いつの間にか先生も教室にいて、さぁ高校生活の始まりだと言わんばかりの表情だ。
「よし、揃ったな。1-A担任、佐藤だ。お前たちお嬢様たちの扱いに慣れているというわけではないが、困ったことがあったら気軽に相談しろ」
話し方は少し男勝りな感じで、ちょっとだけ威圧感を受ける。
「じゃあ自己紹介を始めろ。出席番号1番から。えっと……天月」
「はい!」
透き通る声で返事をしたのは白髪ロングの美少女だった。
高くて、引き込まれるような声が特徴的だ。
「天月歌子です。父はオペラ歌手で私もオペラを習っています。皆さまどうぞよろしくお願いいたします」
ほへ〜……オペラか。すげぇわそれ。
「あたし、テレビで歌子ちゃん見たことあるよ! すっごいお歌が上手だったよね!」
「あ、ありがとうございます」
右斜め後ろの桃色髪の少女が天月さんに食いかかった。テレビ出演もしているとは、さすがお嬢様学校だ。

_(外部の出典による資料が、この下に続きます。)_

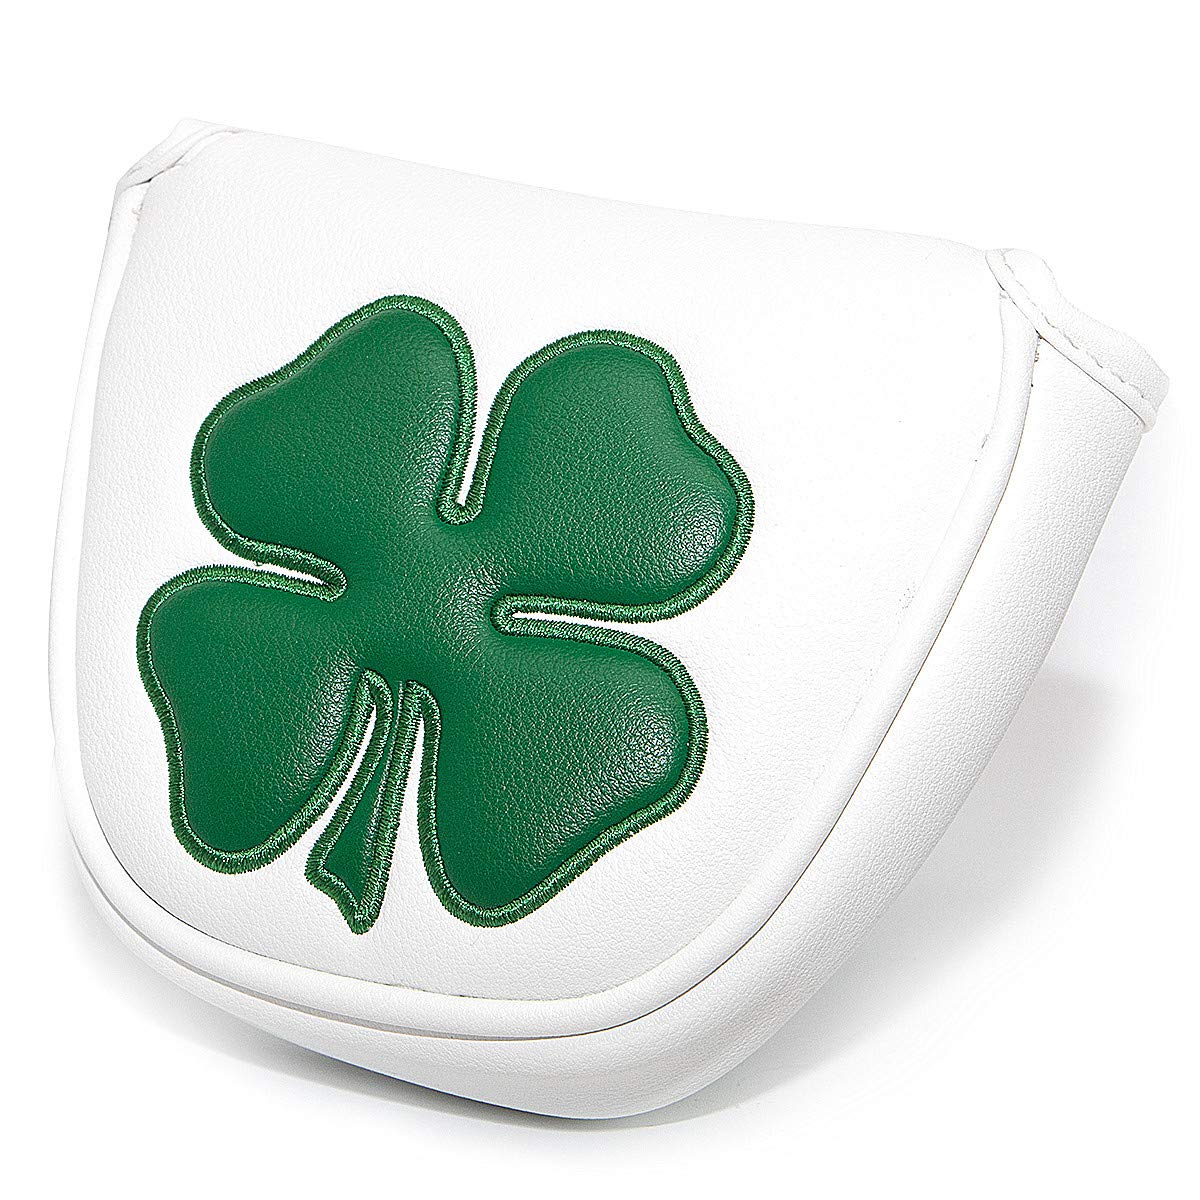 barudan golf Green White Shamrock Golf Headcover Head Covers Magnetic Mallet Putter Club Cover Protector Synthetic Leather Well Made for Odyssey 2ball Putters,Scotty Cameron,Tayormade,Ping (White)

……っていうかナチュラルに親の身分について紹介してたよな? この界隈では当たり前なのか?
「では次」
「はい! 出席番号2番、海咲マリンですっ! こんな名前だけどハーフでもなんでもない日本人ですっ。両親が海運業の社長なので、あたしも海が大好きです! もし海で会ったらよろしくね☆」
片目を閉じて、あざとく自己紹介を終えた海咲さん。
日焼けした肌と、肩までで切り揃えられた水色の髪が爽やかで健康的に映る。
「次」
「は、はい! か、神村巫女です。家の神社で巫女として授業しています……。ひ、人見知りなのでこの辺で……」
黒髪ロングの清楚なイメージを受けた神村さんは恥ずかしそうに席についた。
ここまで3人自己紹介してくれたわけだけど、やっぱりこういう学校に通う生徒って濃いなぁ。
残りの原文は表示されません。